## What this task involves
Reproduce the line with "Specchi sopra il" and everything after it in the listing below, exactly, both ends included. No pictures.

## Data provided
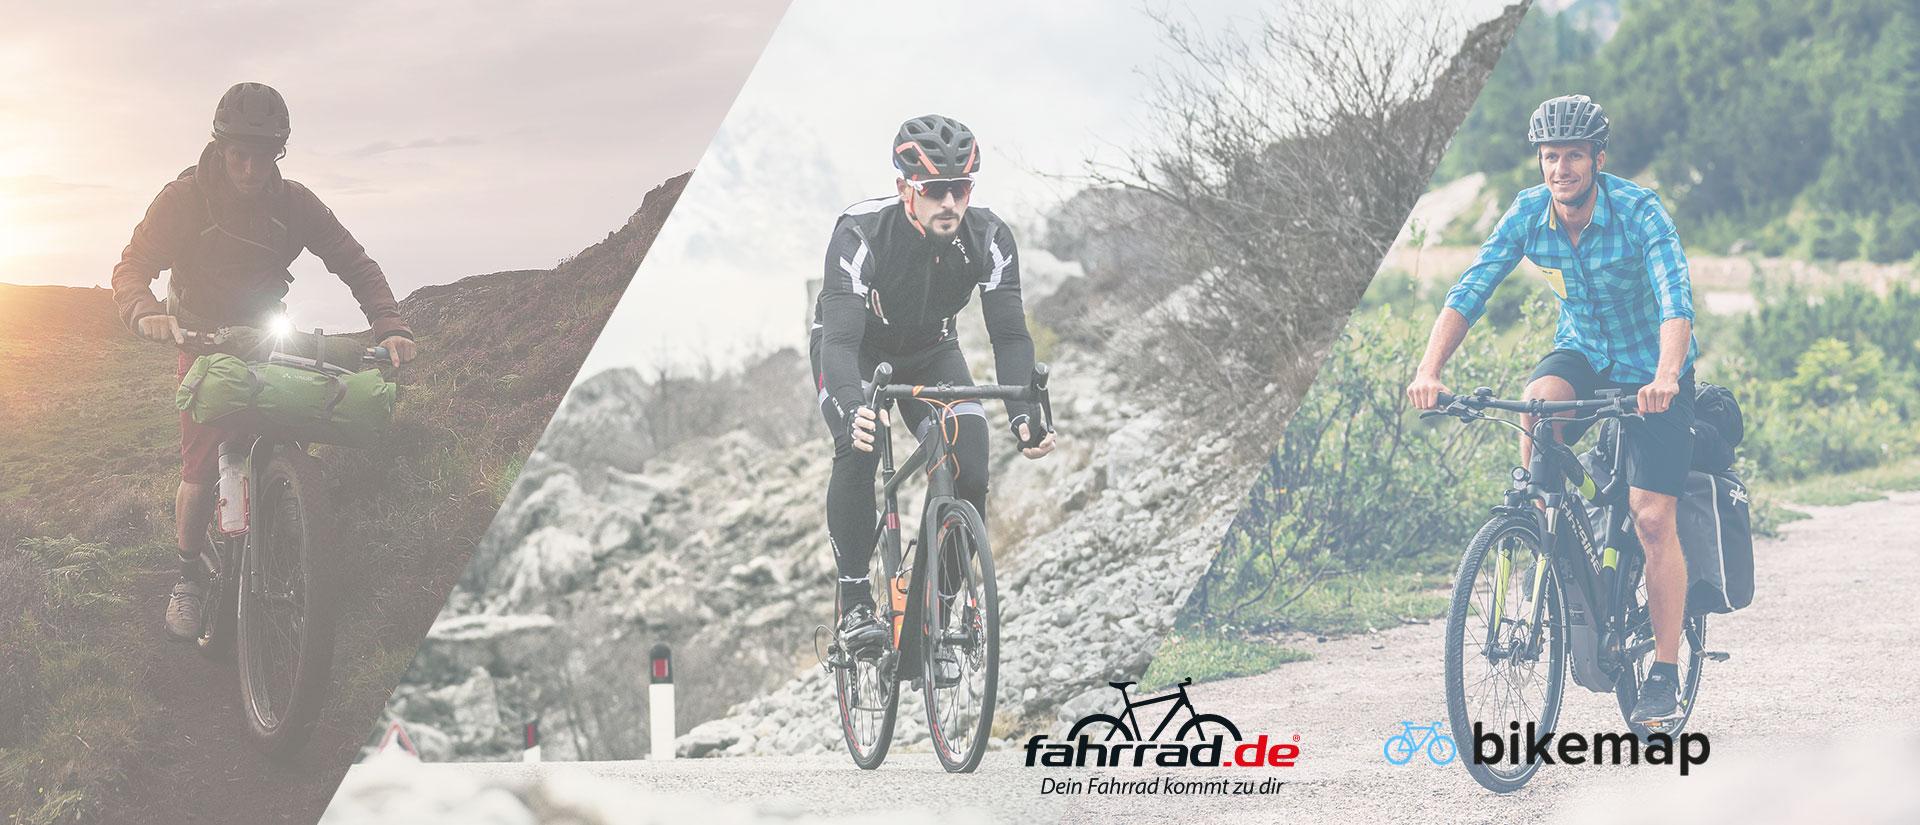 Top Fahrrad-Blogs 2018
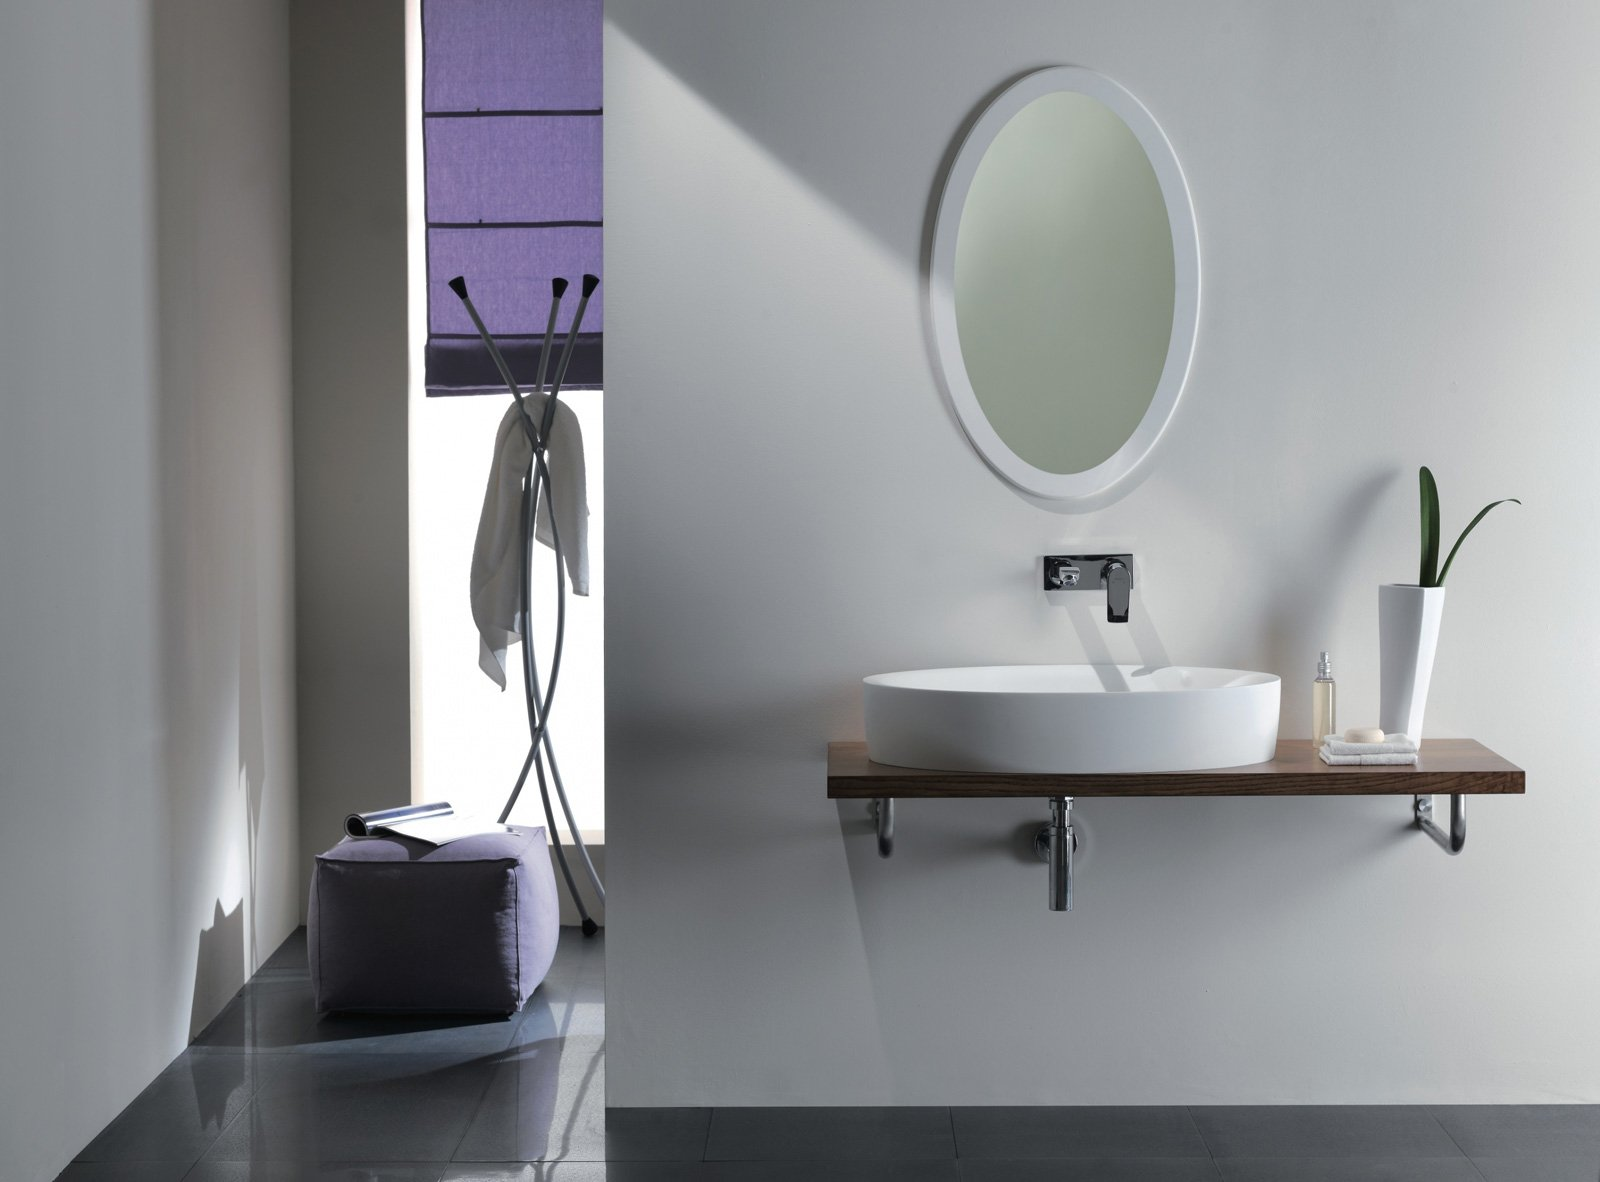 Specchi sopra il lavabo cose di casa - Specchi retroilluminati per bagno ...
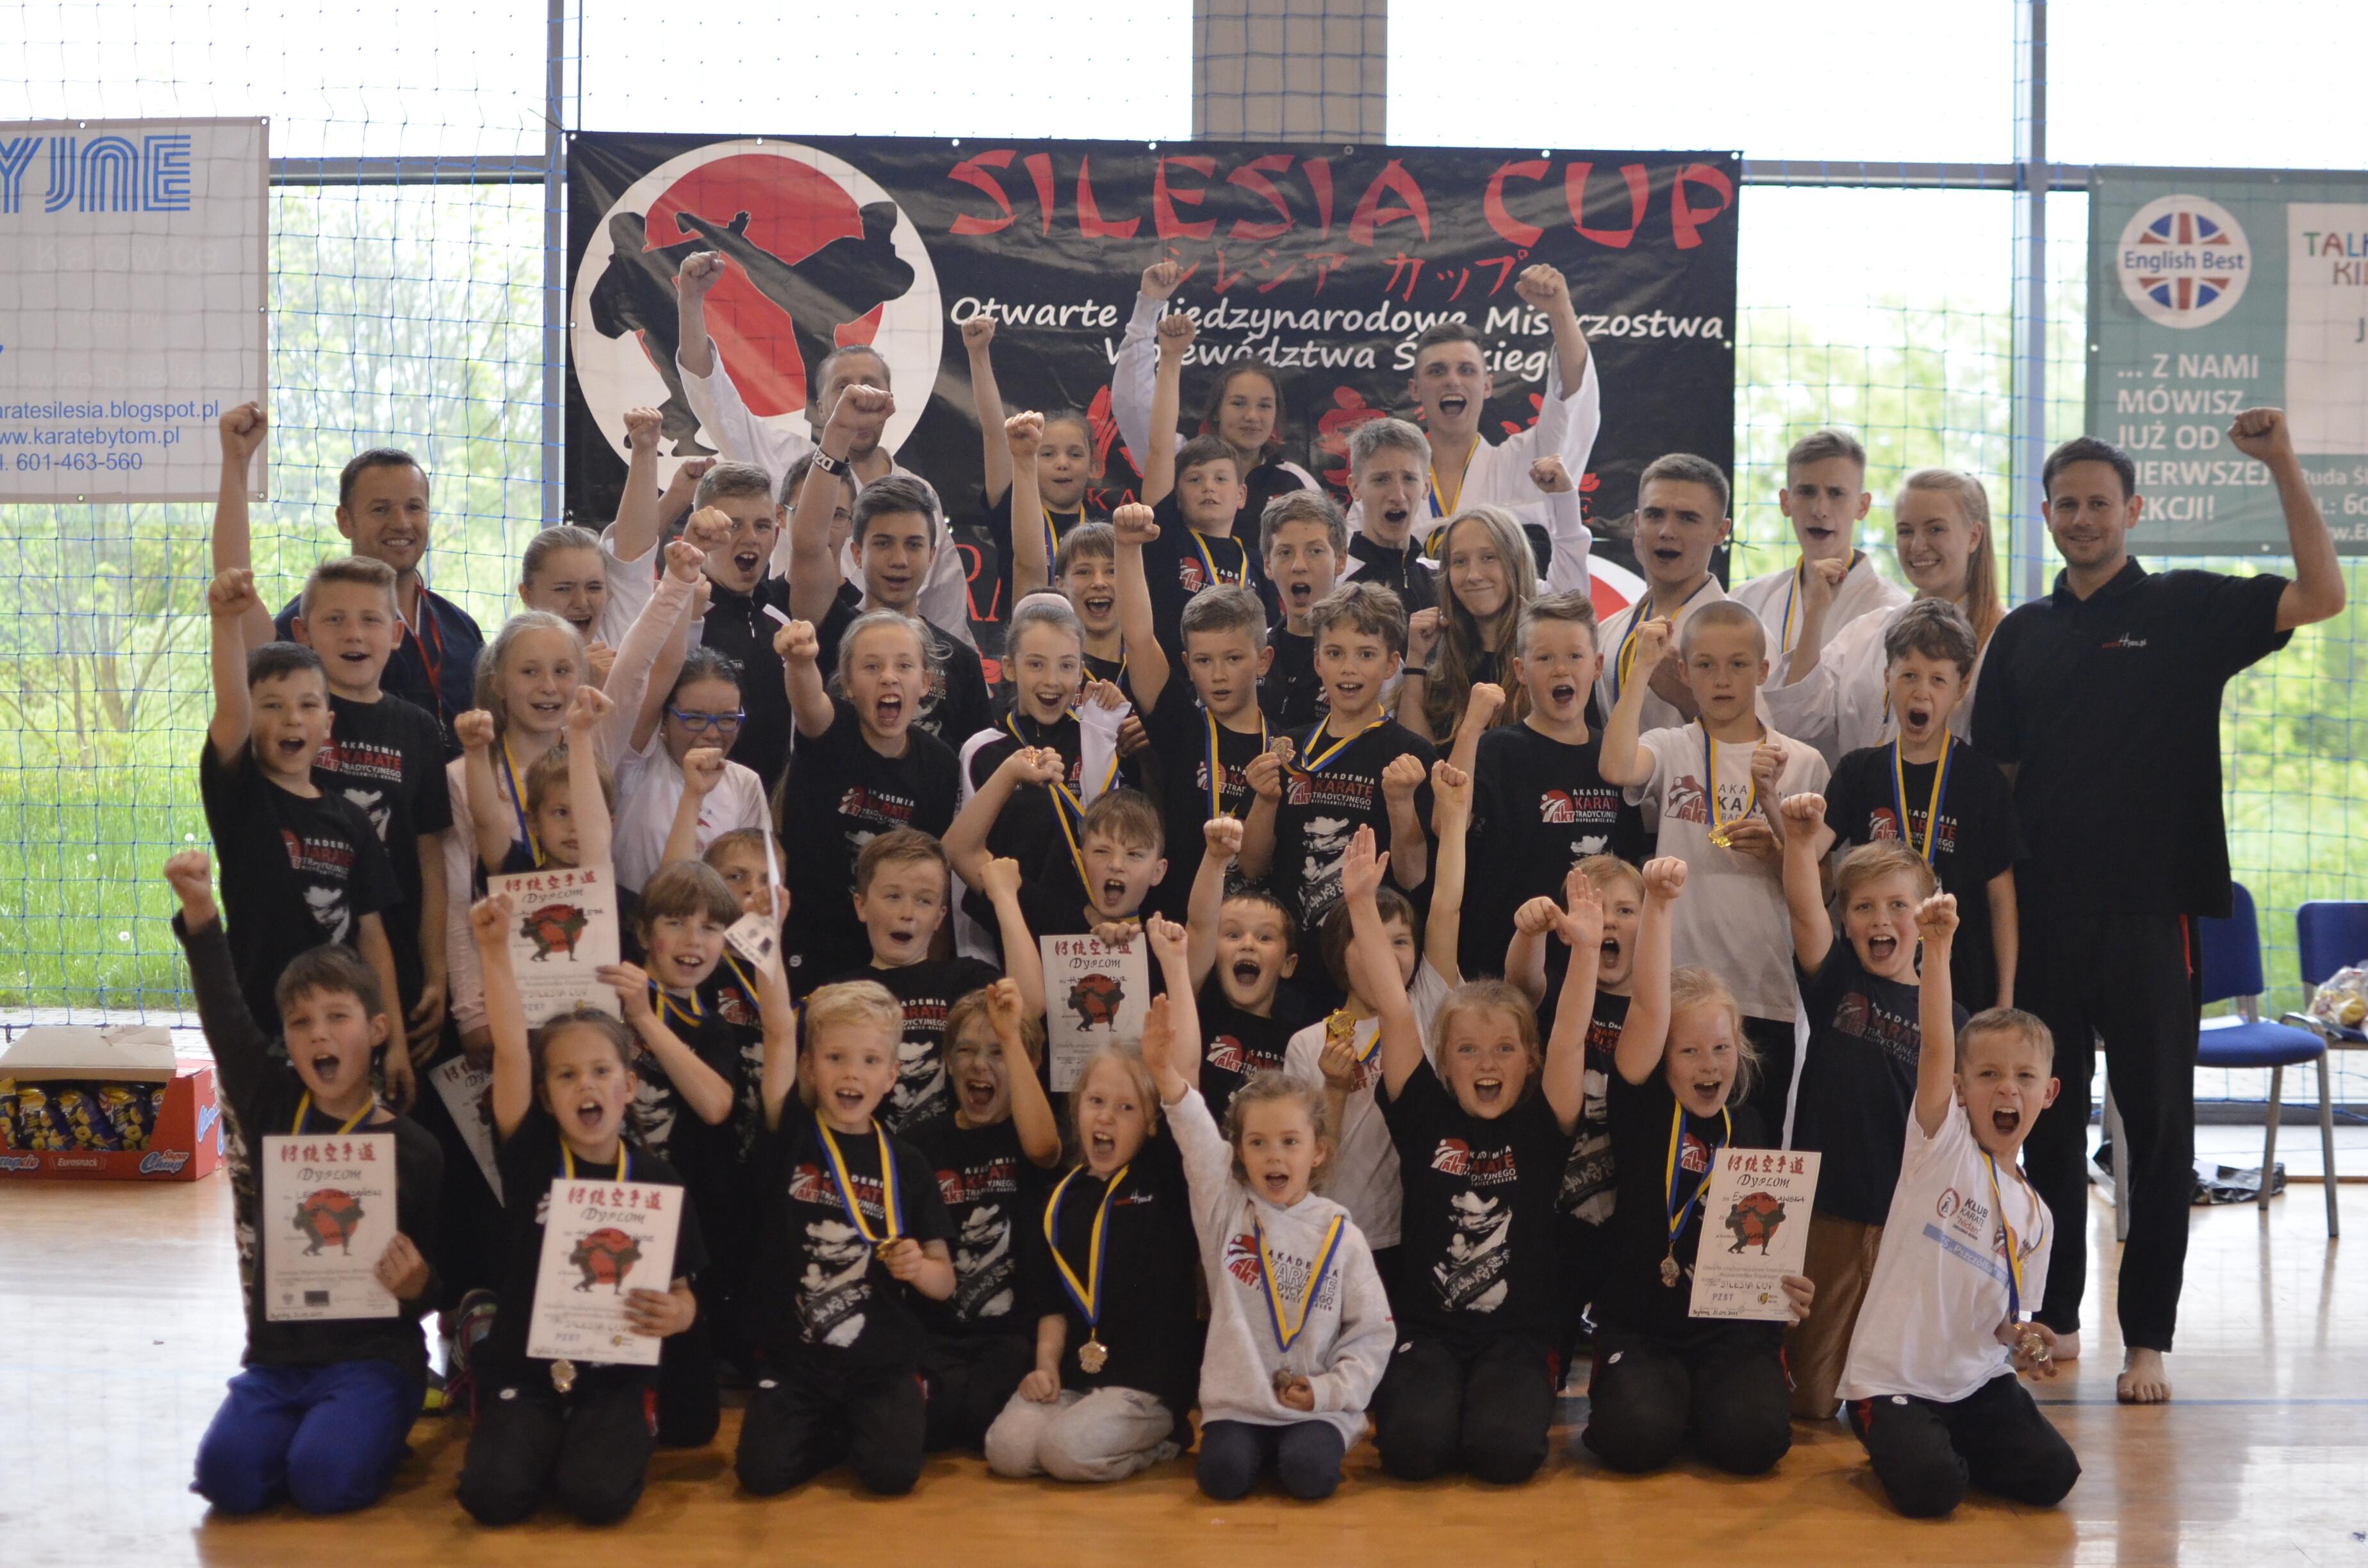 <p>34 medale (14 złotych, 6 srebrnych i 14 brązowych) zdobyliśmy 21 maja 2017 roku w Bytomiu podczas Międzynarodowych Otwartych Mistrzostw Województwa Śląskiego – Silesia Cup!</p>

## Response to this exercise
 Specchi sopra il lavabo cose di casa - Specchi retroilluminati per bagno ...
 <p>34 medale (14 złotych, 6 srebrnych i 14 brązowych) zdobyliśmy 21 maja 2017 roku w Bytomiu podczas Międzynarodowych Otwartych Mistrzostw Województwa Śląskiego – Silesia Cup!</p>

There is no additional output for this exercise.